When the lights in the gym turn off and the spotlight turns on, everything else melts away.
For the Akins wrestling team, the spotlight shining down from the ceiling puts the focus on just them and their opponents. Along with that, it also adds an extra bit of drama to each wrestling match, which is already a mental game as much as it is a physical contest of strength and agility.
Senior Diego Moreno, who has been on the Akins wrestling team for 4 years, said the spotlight allows him to focus on his opponent more, rather than having the distraction of everything around you.
“It’s nice how you don’t feel like everyone is watching you, it’s just you vs. the other guy you’re going against,” Moreno said.
So far the spotlight has only been used once in December, during the Akins wrestling team’s Senior Night match, which was the last time it had a tournament at Akins this year. However, the addition of the spotlight made the matches even more memorable for the team members who have worked to raise money over several years for its installation.
The spotlight was the brainchild of former Akins wrestling coach Roy Tambunga, who retired at the end of the last school year after coaching at Akins for more than 20 years.
Tambunga said he first saw a spotlight used in a wrestling match in a movie he saw in the 1980s called Vision Quest.
“One of my favorite movies is called Vision Quest,” he said. “Whenever we would make it to regionals it was kind of a tradition that we would all get in my room and I would show them the movie.”
The movie is about a high school wrestler defending a state championship, and in the movie the wrestling team had a spotlight for its matches. This was Tambunga’s first inspiration. A few years later when the team would go to duels or tris he noticed that some of the wealthier schools had spotlights, including Anderson, Navarro, and Bowie. After a few talks with the coaches at those schools and some research, Tambunga made it a goal to get a spotlight installed at Akins.

To earn the money, the team members worked at UT games which they did for around 10 years. For the last three years, the Akins wrestlers started hosting local wrestling tourna- ments, including those held at the Delco Center, where they could make around $10,000 just in concessions and working the front doors. Tambunga said the team members loved working the events and didn’t even consider it as work.
The team was finally able to purchase the spotlight during the 2023-2024 school year. And then it took almost another year to get the spotlight installed because it involved electricians and getting permits to do the work. After Tambunga retired at the end of May, the responsibility to get the spotlight installed fell to Akins co-athletic coordinators Joey Saxe and Amanda Thomas, who also took over coaching responsibilities for the Akins wrestling team.
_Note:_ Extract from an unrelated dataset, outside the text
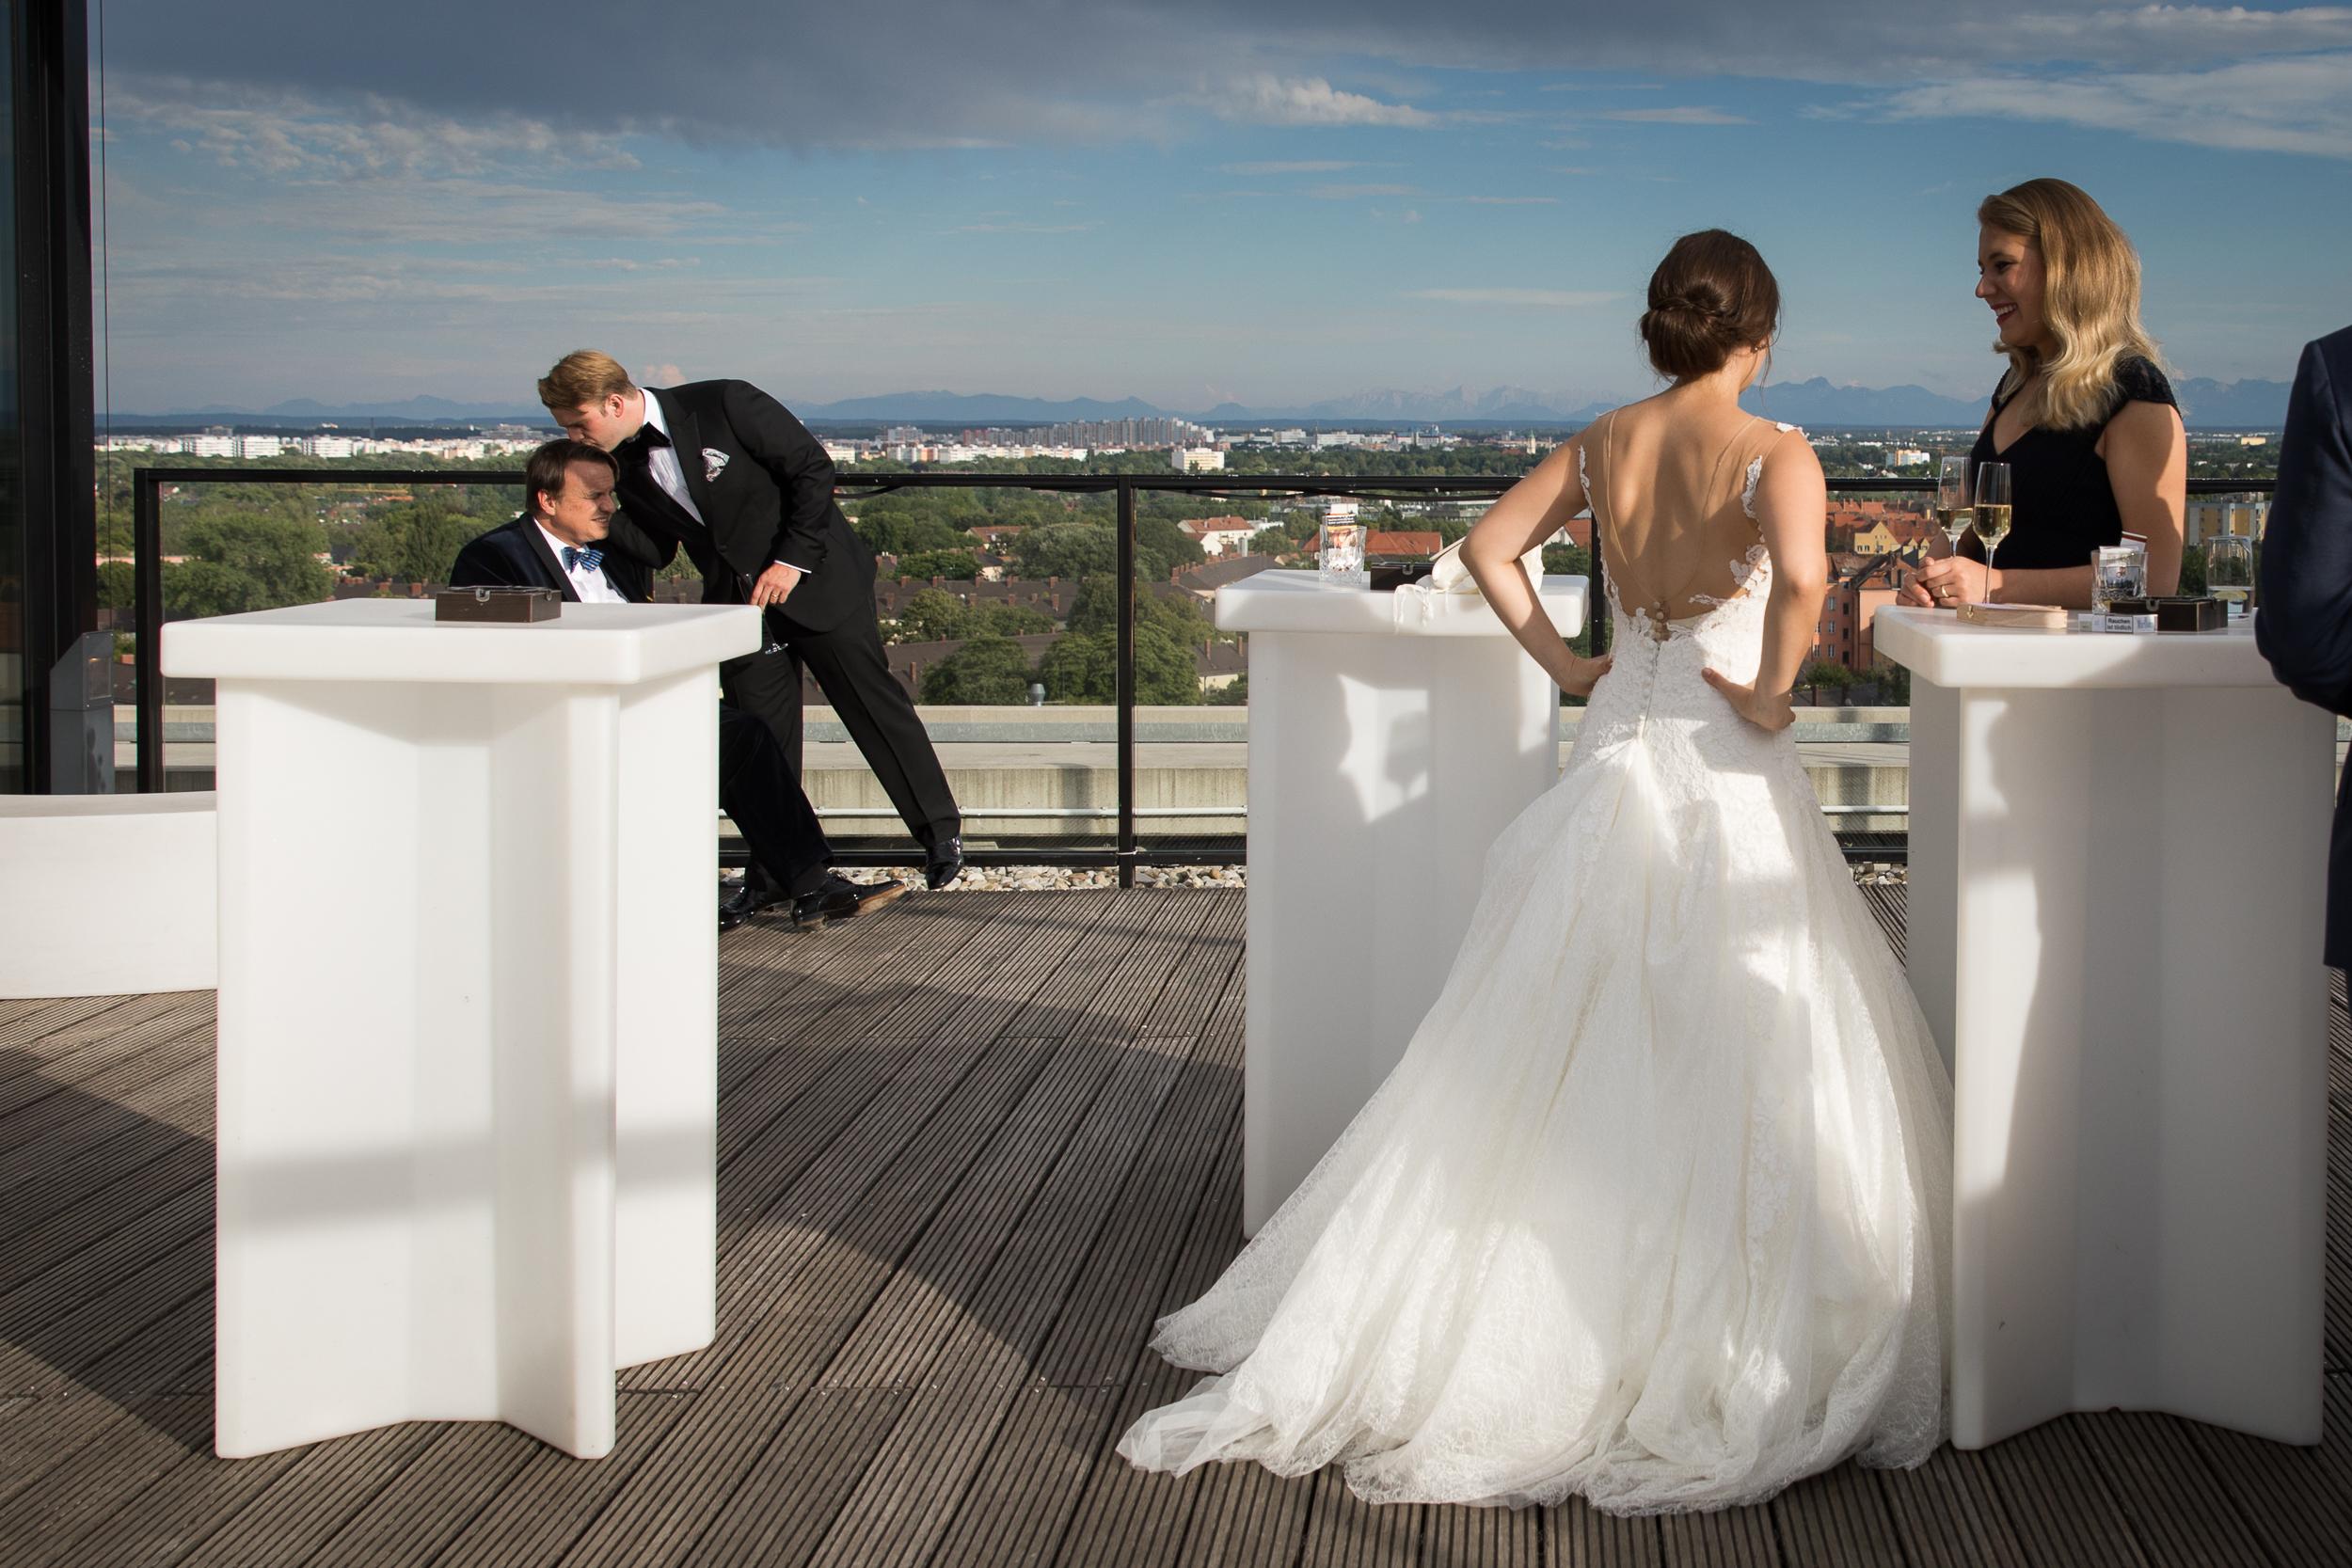 Gregg_Thorne_Wedding_Photographer_Munich_078.jpg

Saxe said he ran into complications because the district electricians didn’t want to climb up on the tall lift needed to reach the ceiling in the gym. The district also has very strict rules about adding such a big expense to the school.
“I would say it took 12 months of back and forth with the district, lots of work orders, lots of visiting with architectural design teams, electrical teams, roofing teams,” Saxe said.
Despite all the challenges of the installation, the team agrees it was worth it. Senior Vincenzo Moreno described how it feels to go against an opponent under the spotlight.
“(It’s) not always gonna feel like people are watching you,” he said. “But you don’t worry about them, you worry about yourself and what you are doing at that very moment.”
Although the spotlight has not been used much yet, it has finally been brought to Akins. After much hard work to accomplish it, Tambunga’s dream has finally come true. Now future generations of Akins high school wrestlers can have the concentration a spotlight brings to use for their matches.